David Fleming
It's All Academic   www.davidflemingsite.com   
Day 246: The Sugarcubes (Birthday)

April 26, 2023

As I arrive at another birthday, at a time when birthdays just become road signs pointing toward looming death, I can't help but feel non-celebratory. A late April birthday has always meant, at least for the last few decades, cramming the recognition in with end-of-academic-year responsibilities, some fun, some not, and dealing with some life-changing events never predicted. Given that this series started on my birthday in 2020 with the intent to write 365 blogs by my 2021 birthday, an intention for which I am already 730 days overdue, forgive me if I don't wish to acknowledge my birthday with The Beatles: "You say it's your birthday/it's my birthday too/they say it's your birthday/we're gonna have a good time." (Maybe my future will allow me to circle back to such simple pleasures.)

Besides, I already covered the Beatles. I wish I hadn't played so many cards in this series. I need something that reflects birthdays from a more cynical, jaundiced, let's face it, aged point of view, and there ain't many.

I already used The Smiths, so we will have no "Unhappy Birthday."

Early on, I wrote about Morrissey as a solo artist and threw away my chance to crow that "It's Not Your Birthday Anymore."

Disturbingly, I seem to be left to write about The Sugarcubes' "Birthday."

Where does one even begin? Bjork's strange vocalizations? The bizarre, creepy lyrics? The Icelandic other-worldliness? The general aural experimentalism?
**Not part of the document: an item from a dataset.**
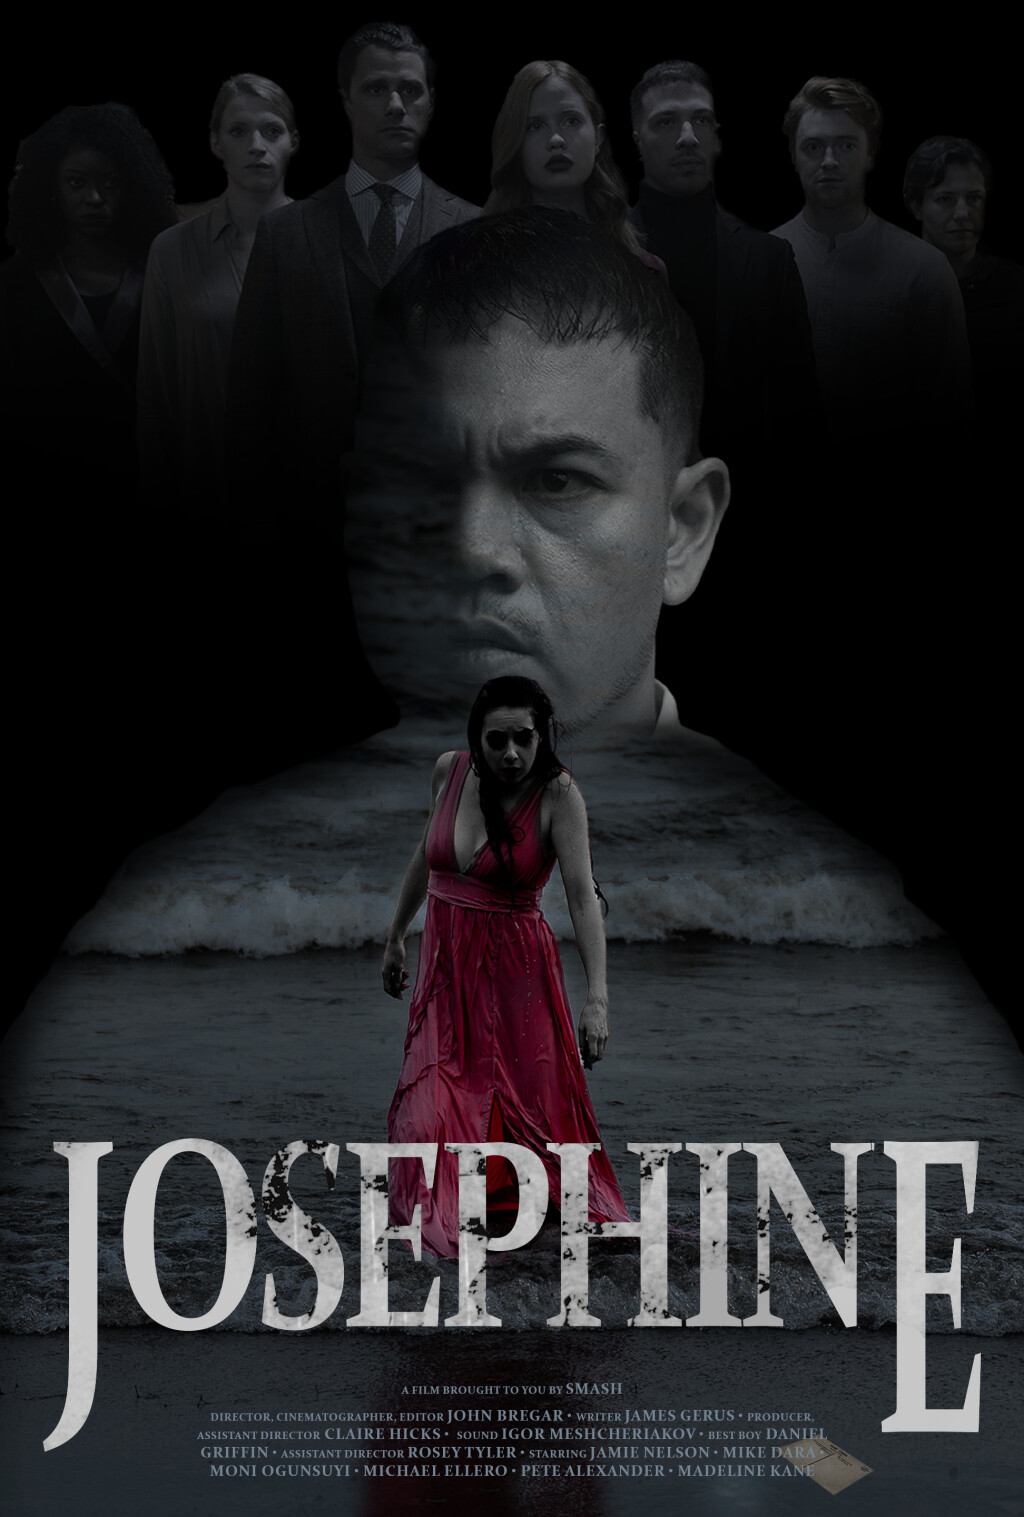 Filmposter for Josephine

All those quirks permeated Life's Too Good, The Sugarcubes' debut album. "Motorcrash" was about a right "proper Motorcrash," replete with a German-sounding male voice, fellow Cube, trumpeter, Einar Örn Benediktsson, talking about a girl's innocence and her prized bicycle. "Delicious Demon," a song that may be about a priest-demon, is punctuated by Bjork's "Heeeee-Haaw." And in two separate songs, The Sugarcubes rhapsodize (in their avant-garde way) about a young girl in a bathtub with an old man. "Deus" perhaps could be saved for another day, for someone more interested in the sacrilege of describing God seducing a girl ("Leda and the Swan," anyone?), but "Birthday" has found its moment, whether I like it or not.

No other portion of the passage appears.